Specialized FPGA implementations can deliver higher performance and greater power efficiency than embedded CPU or GPU implementations for real-time image processing. Programming challenges limit their wider use, because the implementation of FPGA architectures at the register transfer level is time consuming and error prone. Existing software languages supported by high-level synthesis (HLS), although providing a productivity improvement, are too general purpose to generate efficient hardware without the use of hardware-specific code optimizations.

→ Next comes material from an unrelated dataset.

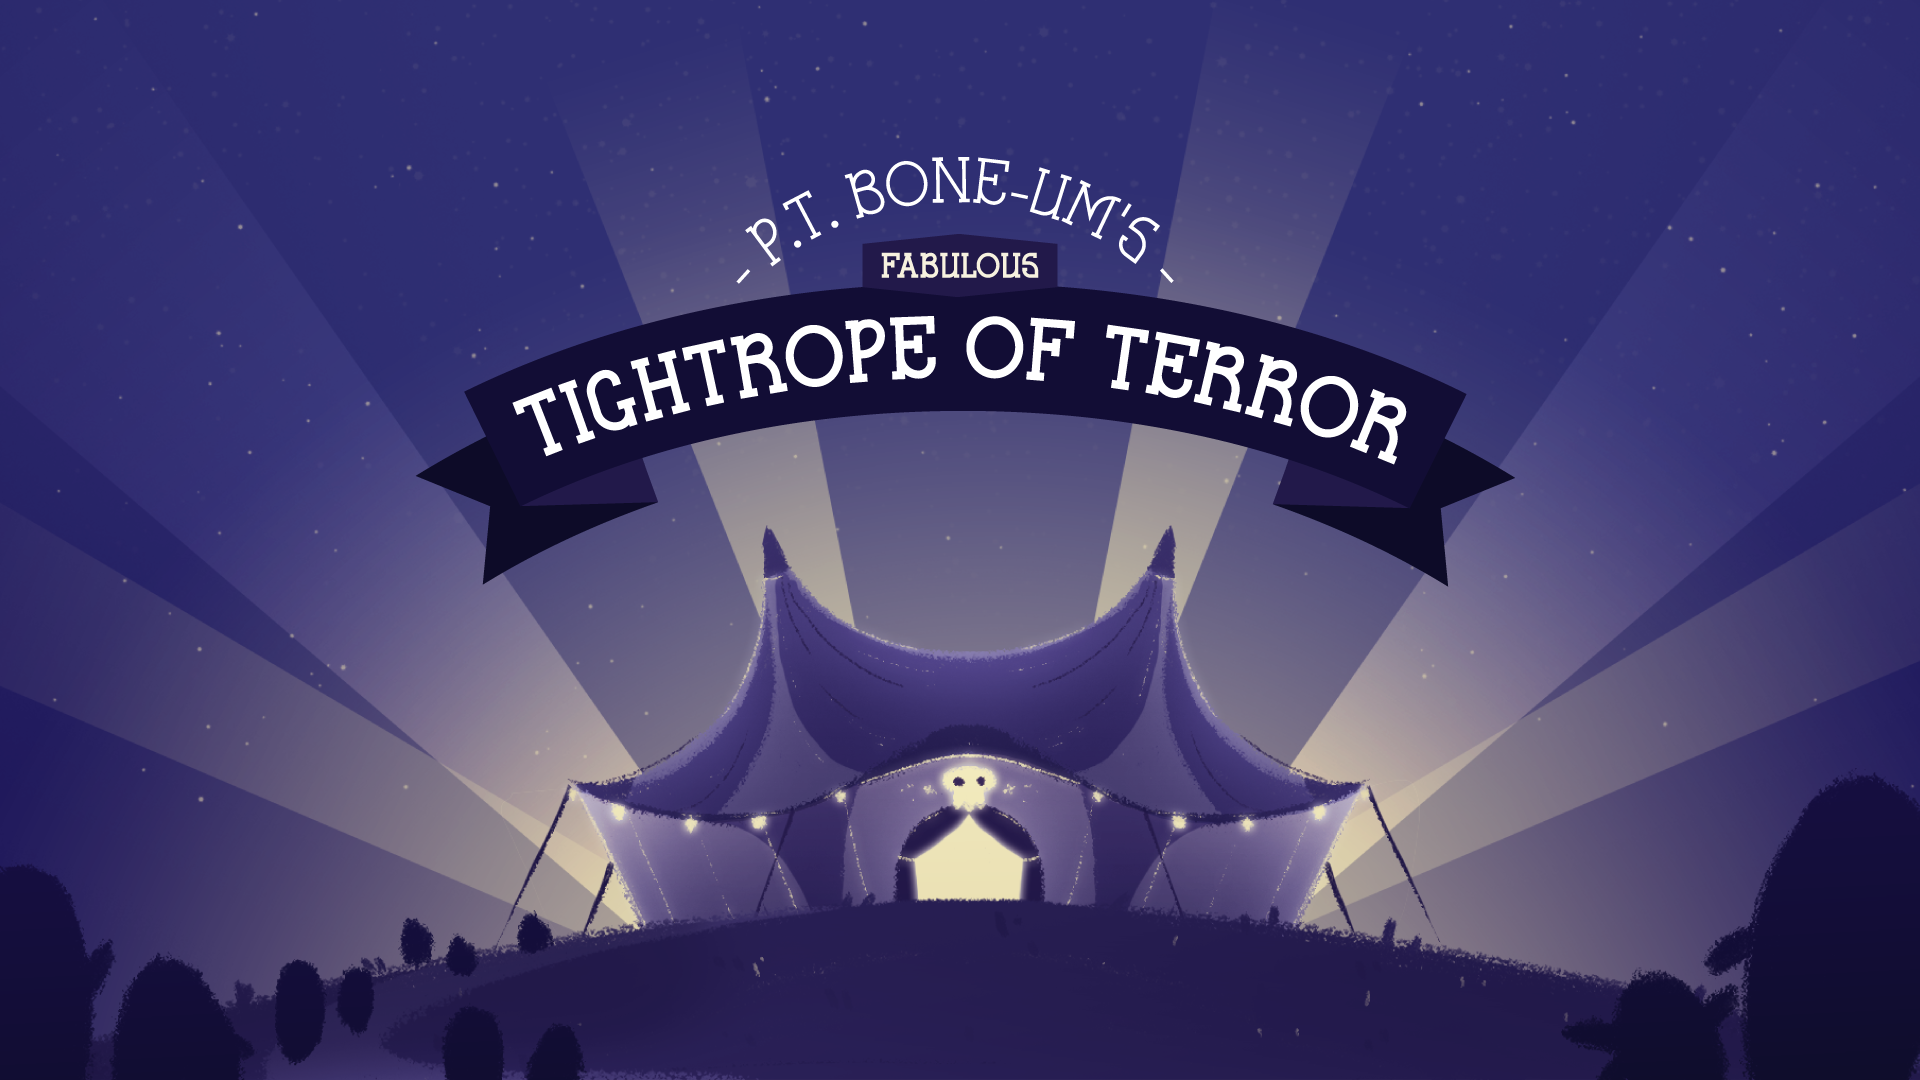 P.T. Bone-um's Fabulous Tightrope of Terror

Such optimizations leak hardware details into the abstractions that software languages are there to provide, and they require knowledge of FPGAs to generate efficient hardware, such as by using language pragmas to partition data structures across memory blocks. This article presents a thorough account of the Rathlin image processing language (RIPL), a high-level image processing domain-specific language for FPGAs. We motivate its design, based on higher-order algorithmic skeletons, with requirements from the image processing domain. RIPL’s skeletons suffice to elegantly describe image processing stencils, as well as recursive algorithms with nonlocal random access patterns. At its core, RIPL employs a dataflow intermediate representation. We give a formal account of the compilation scheme from RIPL skeletons to static and cyclostatic dataflow models to describe their data rates and static scheduling on FPGAs. RIPL compares favorably to the Vivado HLS OpenCV library and C++ compiled with Vivado HLS. RIPL achieves between 54 and 191 frames per second (FPS) at 100MHz for four synthetic benchmarks, faster than HLS OpenCV in three cases. Two real-world algorithms are implemented in RIPL: visual saliency and mean shift segmentation. For the visual saliency algorithm, RIPL achieves 71 FPS compared to optimized C++ at 28 FPS. RIPL is also concise, being 5x shorter than C++ and 111x shorter than an equivalent direct dataflow implementation. For mean shift segmentation, RIPL achieves 7 FPS compared to optimized C++ on 64 CPU cores at 1.1, and RIPL is 10x shorter than the direct dataflow FPGA implementation.

查看原文本刊更多论文

RIPL

专门的FPGA实现可以提供比嵌入式CPU或GPU实现更高的性能和更大的功率效率，用于实时图像处理。编程挑战限制了它们的广泛使用，因为FPGA架构在寄存器传输级别的实现是耗时且容易出错的。由高级合成(HLS)支持的现有软件语言，虽然提供了生产力的改进，但如果不使用特定于硬件的代码优化，就无法生成高效的硬件。这种优化将硬件细节泄漏到软件语言提供的抽象中，并且它们需要fpga知识来生成高效的硬件，例如通过使用语言pragmas跨内存块划分数据结构。本文全面介绍了Rathlin图像处理语言(RIPL)，这是一种用于fpga的高级图像处理领域特定语言。我们根据图像处理领域的要求，基于高阶算法骨架来激励其设计。RIPL的框架足以优雅地描述图像处理模板，以及具有非局部随机访问模式的递归算法。在其核心，RIPL使用数据流中间表示。我们给出了从RIPL骨架到静态和循环静态数据流模型的编译方案的正式说明，以描述它们在fpga上的数据速率和静态调度。与Vivado HLS的OpenCV库和用Vivado HLS编译的c++相比，RIPL更有优势。在四个合成基准测试中，RIPL在100MHz下达到每秒54到191帧(FPS)，在三种情况下比HLS OpenCV更快。在RIPL中实现了两种现实世界的算法:视觉显著性分割和均值移位分割。对于视觉显著性算法，RIPL达到71 FPS，而优化后的c++为28 FPS。RIPL也很简洁，比c++短5倍，比等价的直接数据流实现短111%。对于平均移位分割，RIPL在1.1的64个CPU核上比优化的c++实现了7 FPS，并且RIPL比直接数据流FPGA实现短10倍。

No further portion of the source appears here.